The tide of partnerships between small and large organizations will raise all ships.

While headlines are loudest when the “800lb gorillas” announce partnerships, there has been a distinct lack of follow through in innovation announcements with this genre.  That wave will give way to partnerships between large, experienced companies and small, nimble ones bringing collaborative solutions to markets globally.  It’s where the investment capital is going, and where tech money goes, appropriate disruption usually follows.  But digital health entrepreneurs continue to learn that credibility - that can be gained by meaningful partnership with larger companies - is a must have to achieve scale.

The tide of consumer expectations will remain high.

Whatever you want to call the US healthcare legislation, the healthcare expectations of the US consumer have permanently shifted.  Demand for coverage and access is on the rise and regardless of the political posturing over legislation that has already begun in Washington, our high expectations as consumers is not going away.  Most enrollees in the ACA marketplaces are happy with their plans, most need to save money, and most don’t understand HSAs.  Decisions will be made to move business goals, not consumer unmet needs. An opportunity awaits those who can close the digital divide despite what government chooses to do, not because of it.  

The tide of liberated data will help bridge inequality.

Which brings us to the issue of fragmentation and data liberation.  Electronic health record vendors will continue to be more open with the data sets that they govern.  When combined with a myriad of other sources, these data build deeper understanding of smaller, often underserved, populations.  Digital health use is still very fragmented across the United States.
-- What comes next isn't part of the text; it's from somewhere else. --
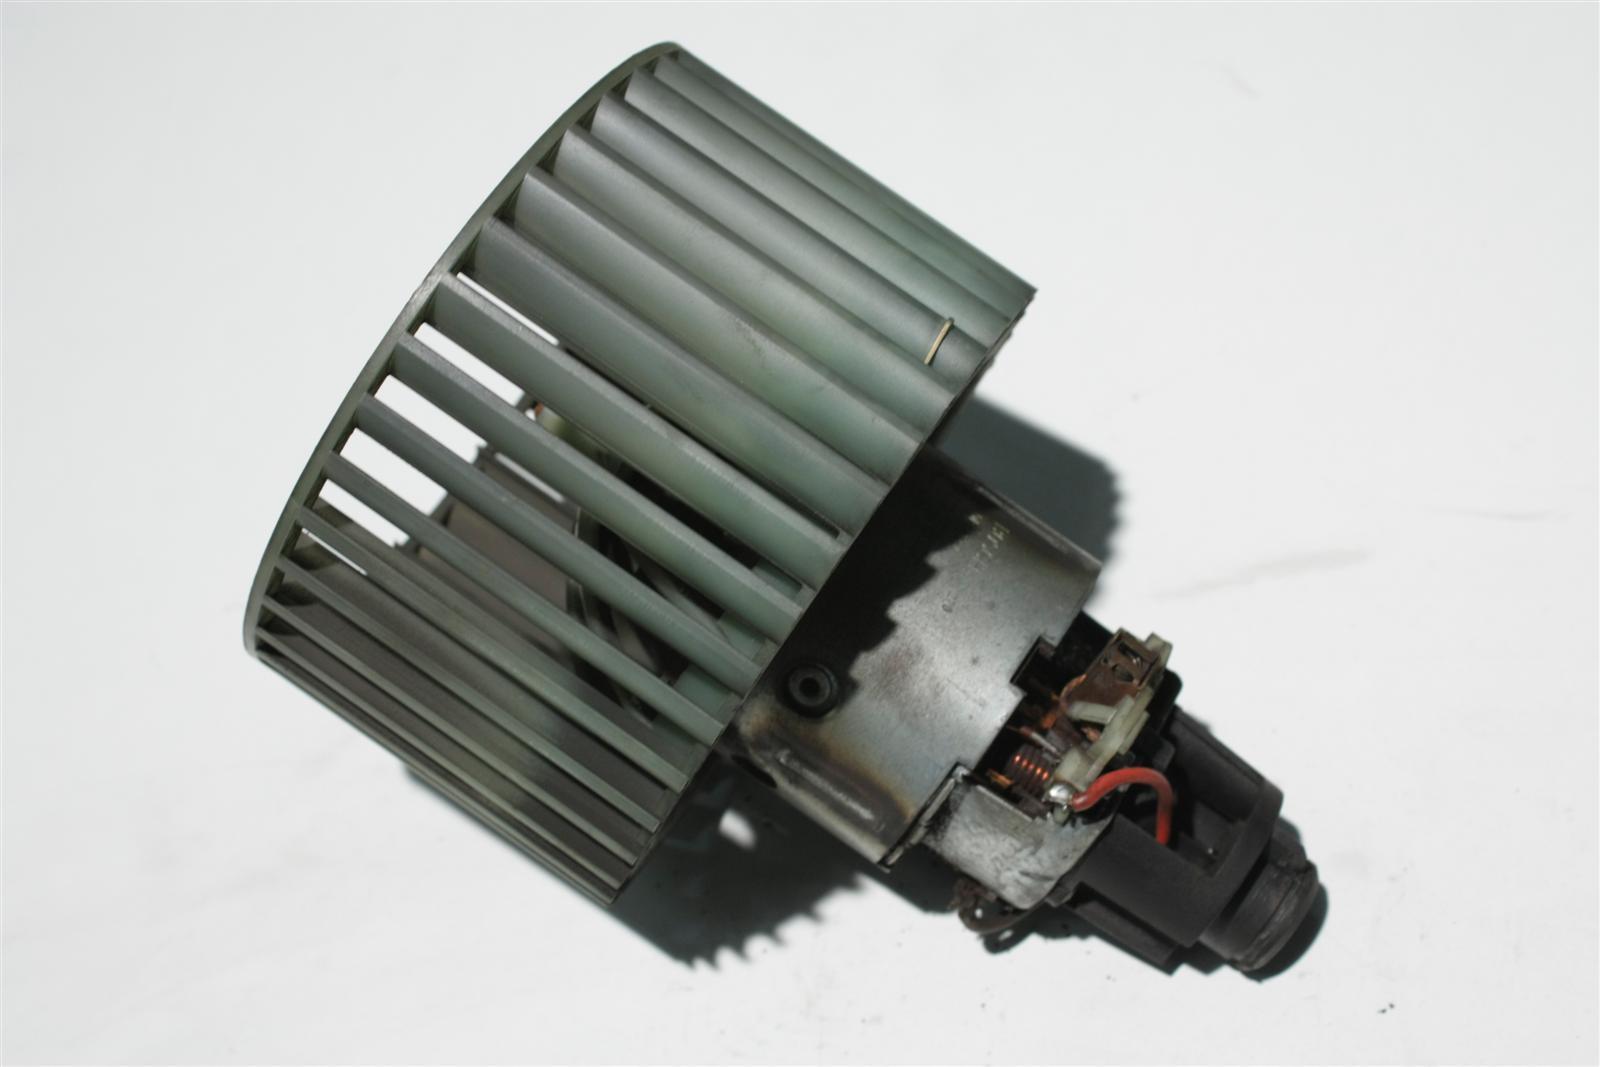 Audi 100/A6 C4/V8 D11 Gebläse Heizung/Klima 4A0959101A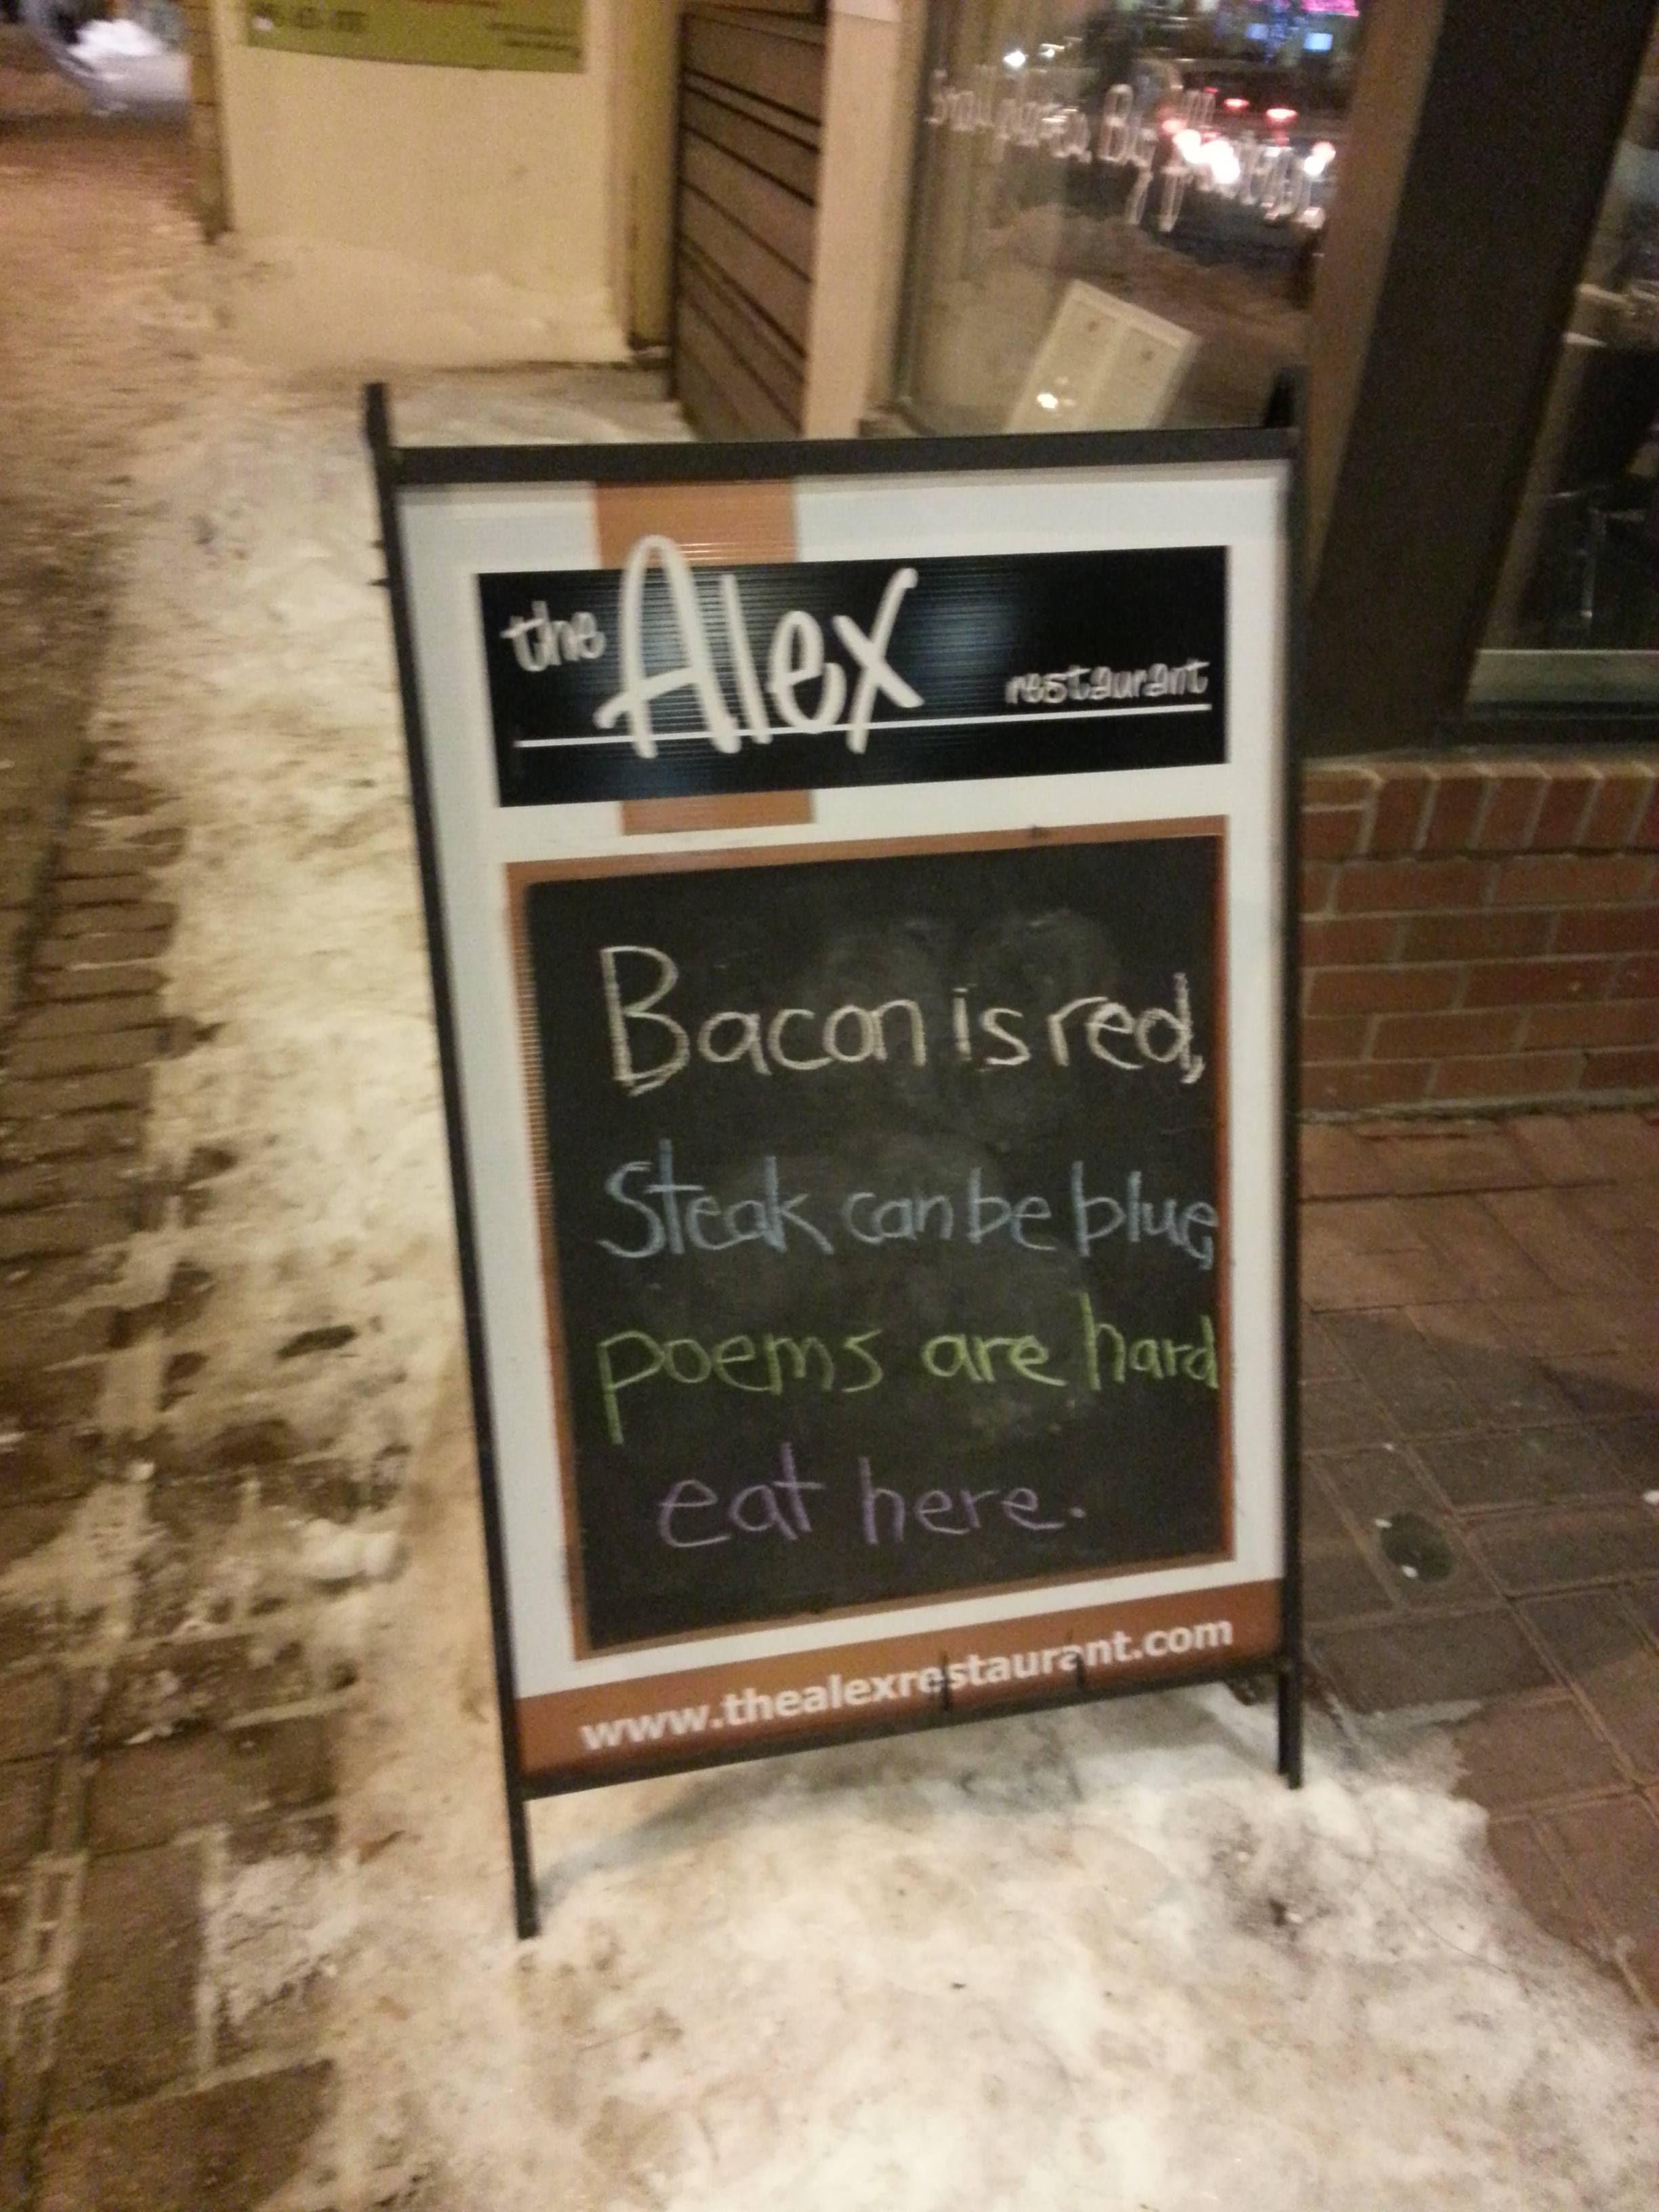 18 Funny Restaurant Signs

Underserved populations in rural and/or economically challenged communities rarely see digital health tools, as many people in those regions don’t often have access to powerful devices or high speed internet. And even if people do have access to new, digital tools, they often find that the solutions are expensive and hard to understand. State-level autonomy, or lack thereof, has often been noted as a significant weakness of Affordable Care Act. State-level funding, on the other hand, is often noted as the best use of public funds in healthcare.  Is this an opportunity to scale bridging inequality then?  We are not fully connected as a nation, so there is hope that we could make real progress on this in 2017.  

The tide of globalization will not discriminate in digital health.  

The US can learn much from the rest of the world when it comes to healthcare and technology.  Singapore and Switzerland are blending democracy and technocracy deftly - producing cutting-edge solutions with technology and science at a societal, even political, level.  Just as many digital economies around the world skipped “client-server” and went to “mobile-and-cloud” computing, so some will skip the “app economy” and use the power of networks.  China has seen great success in implementing telemedicine and remote health services across the country. Two companies in particular, Ping An’s Good Doctor and We Doctor, have shown both backing and adoption. So what is their secret? What can we learn from China’s adoption of telemedicine to increase acceptance here at home? Can fewer regulations in the US present opportunities to deliver such impact responsibly?

Timing is one of the most important elements in comedy, drama, politics and … innovation.  2017, however, is all about tides and how the best healthcare innovators will ride them.